* _TASK OBJECTIVE_: Work through the listing below and give again exactly the lines from the one with "Philips 180P2G user" to the one with "Umberto Roman Oil Serum", both ends included. All other lines and all pictures stay out.

* _STUDY MATERIAL_:

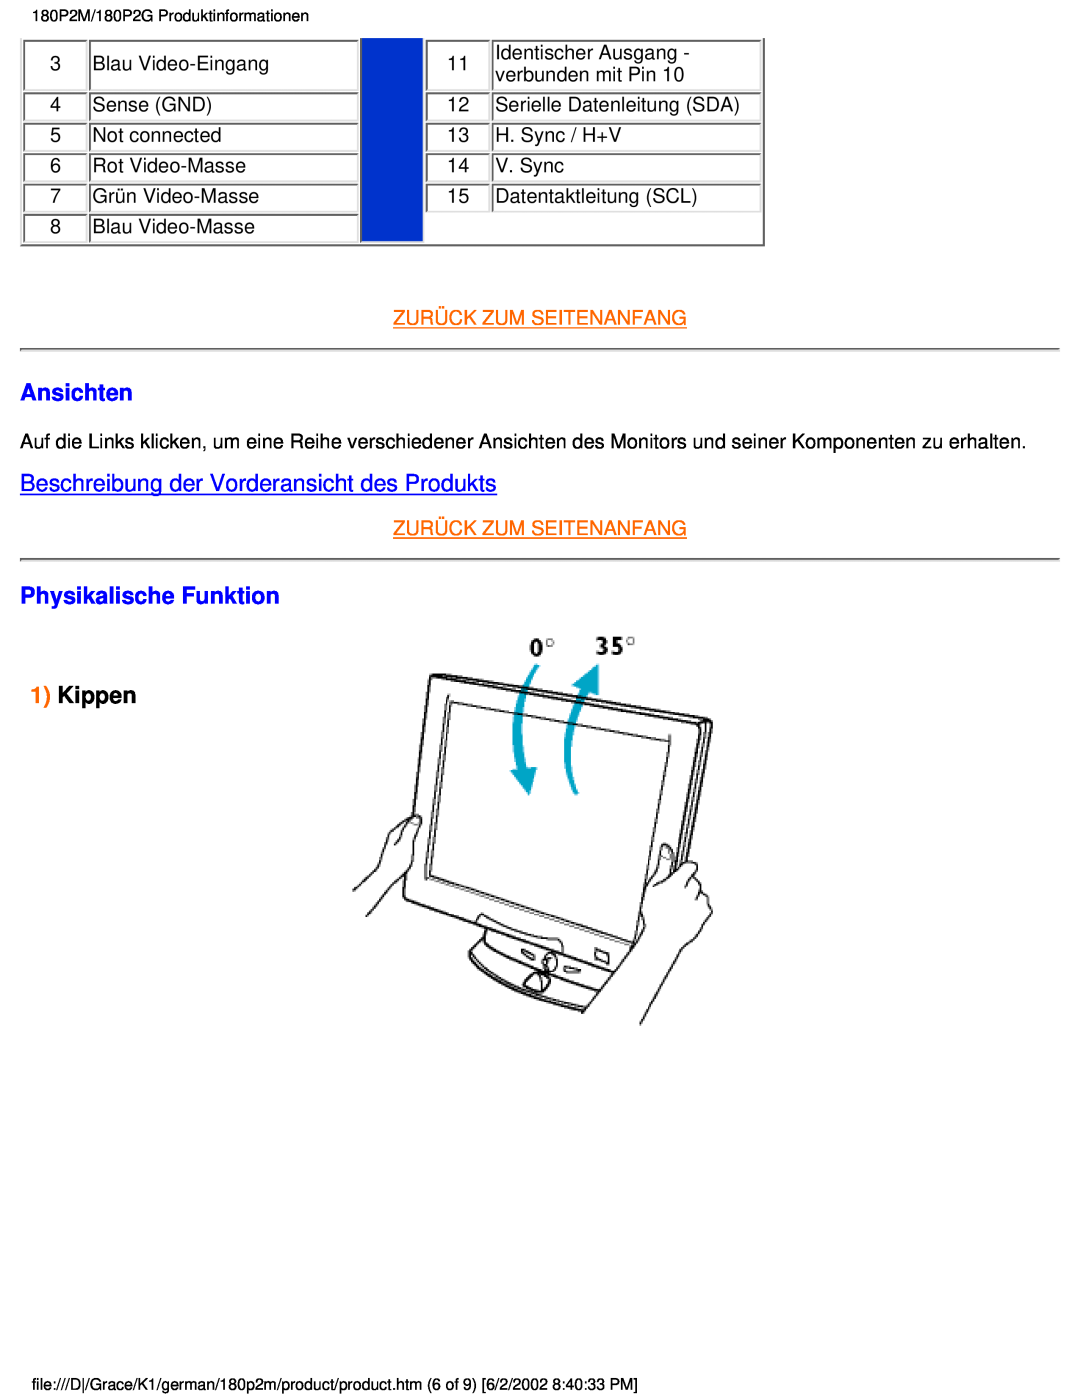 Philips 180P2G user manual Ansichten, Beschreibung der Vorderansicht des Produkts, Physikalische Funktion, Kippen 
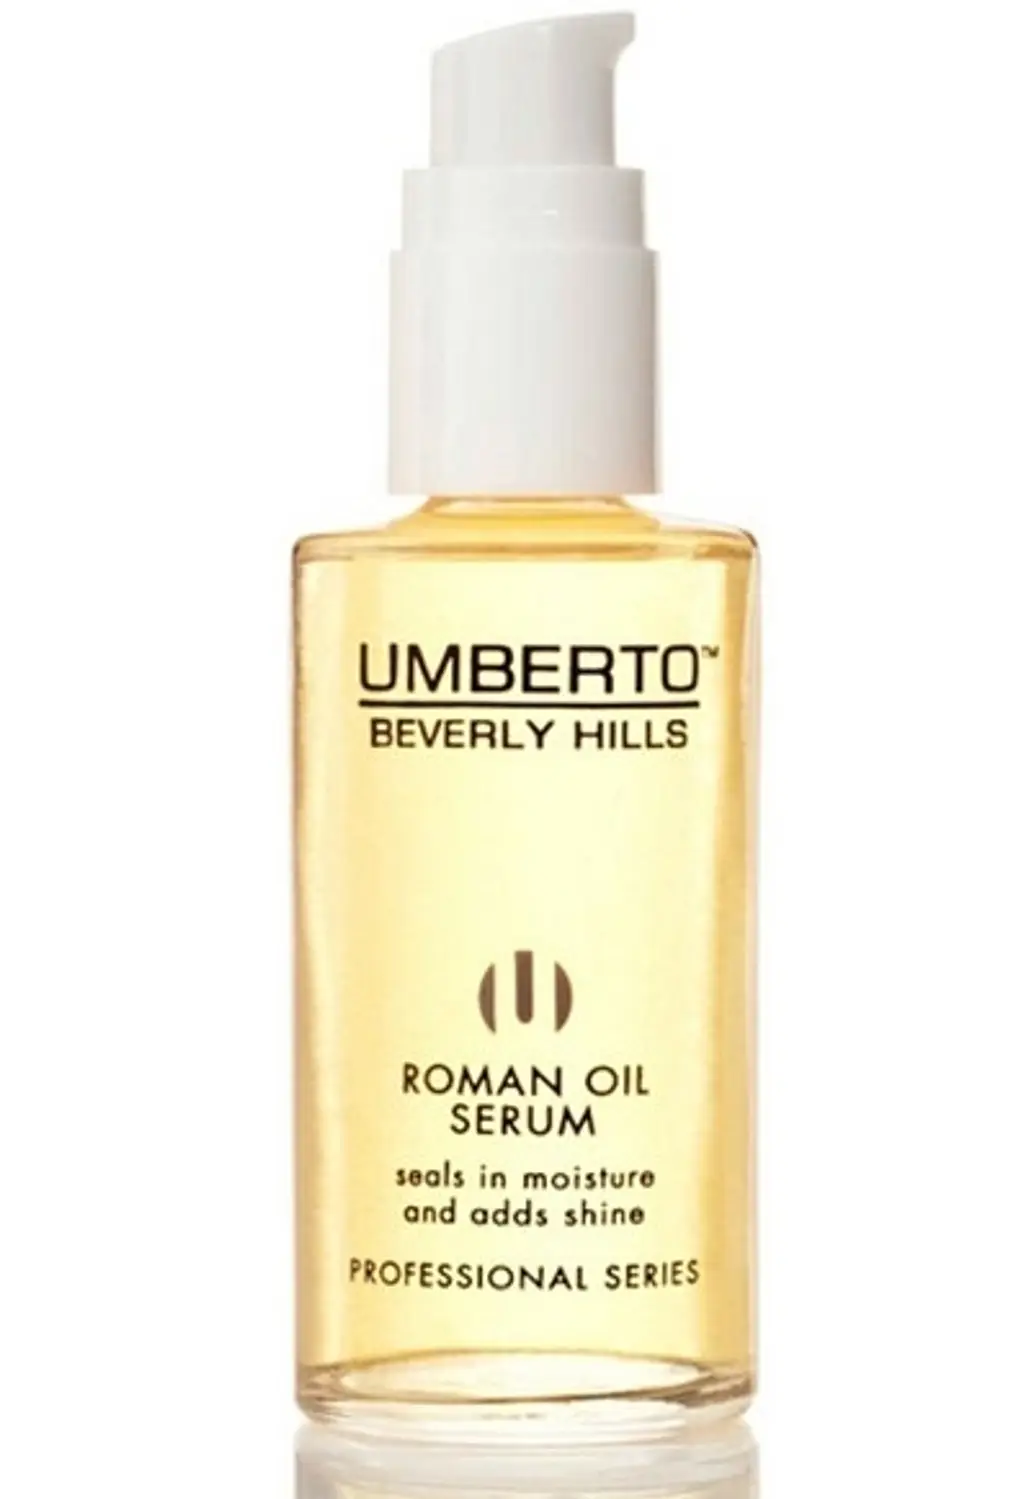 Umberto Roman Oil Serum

--

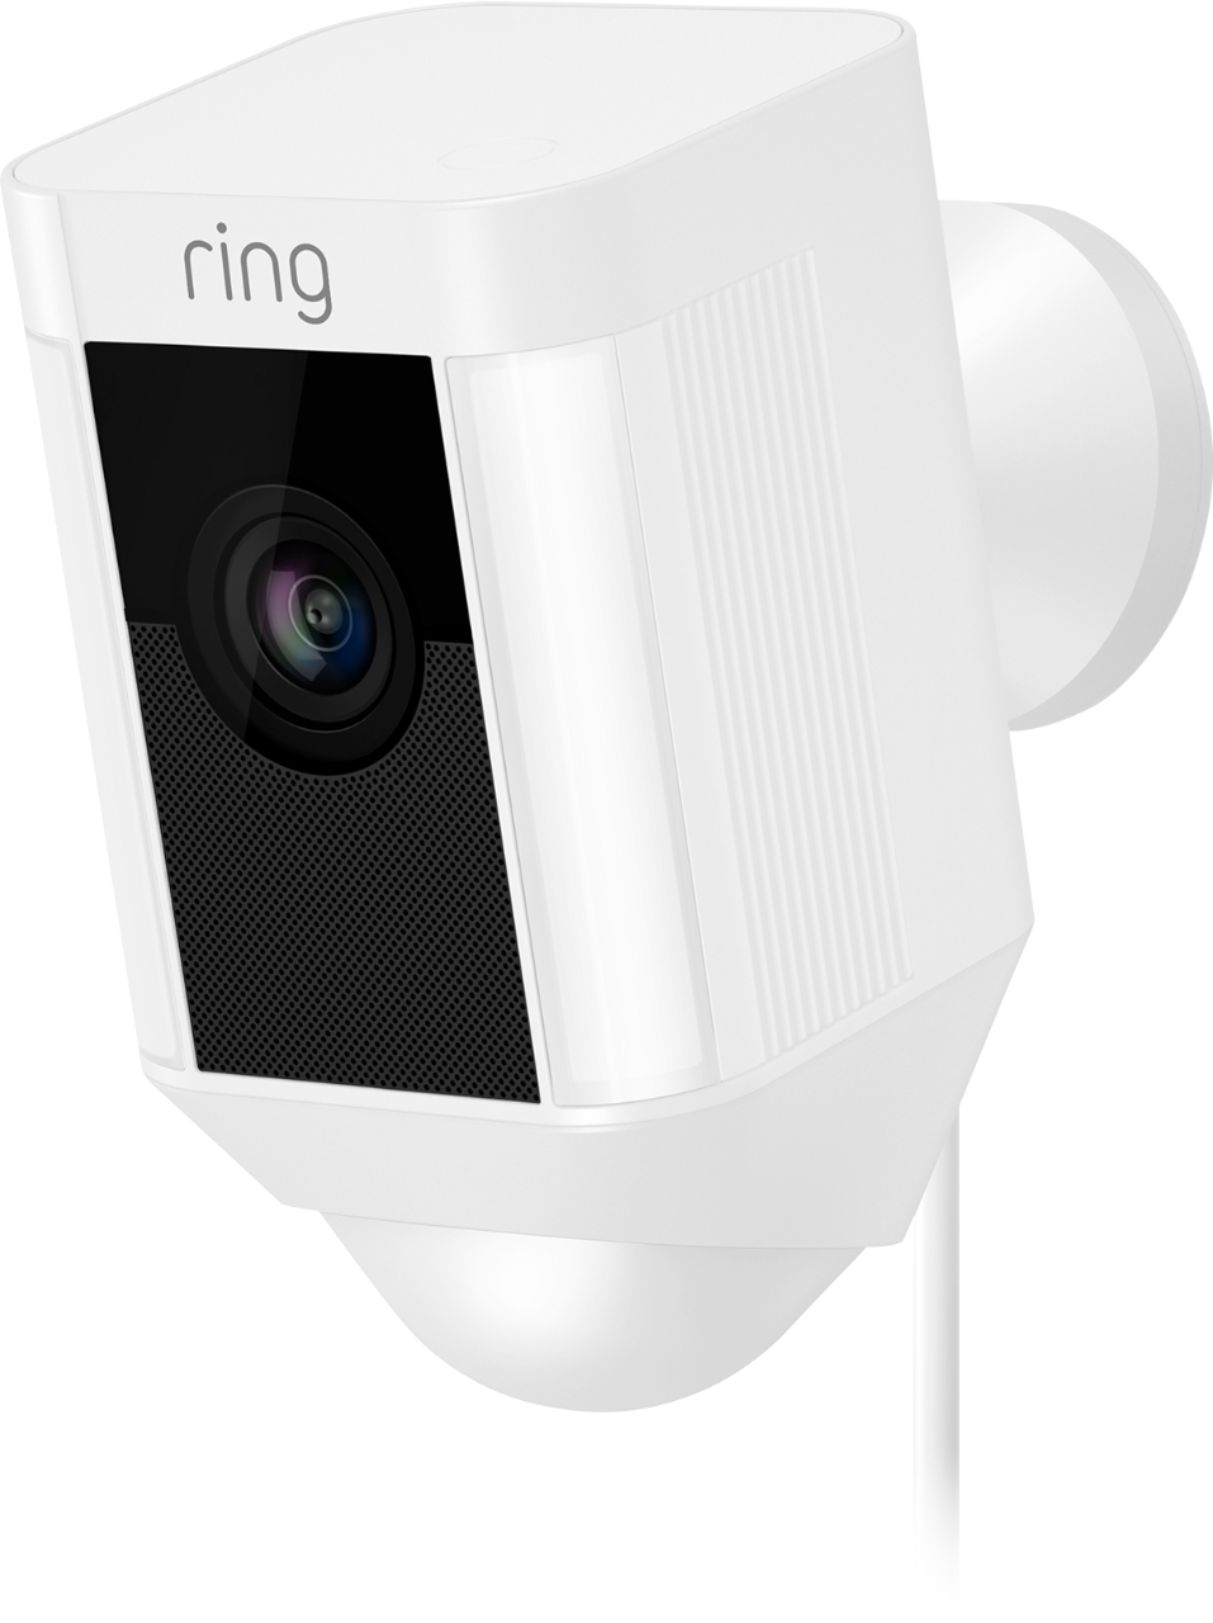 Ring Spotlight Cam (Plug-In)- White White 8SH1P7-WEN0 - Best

* _EXPECTED ANSWER_:
 Philips 180P2G user manual Ansichten, Beschreibung der Vorderansicht des Produkts, Physikalische Funktion, Kippen 
 Umberto Roman Oil Serum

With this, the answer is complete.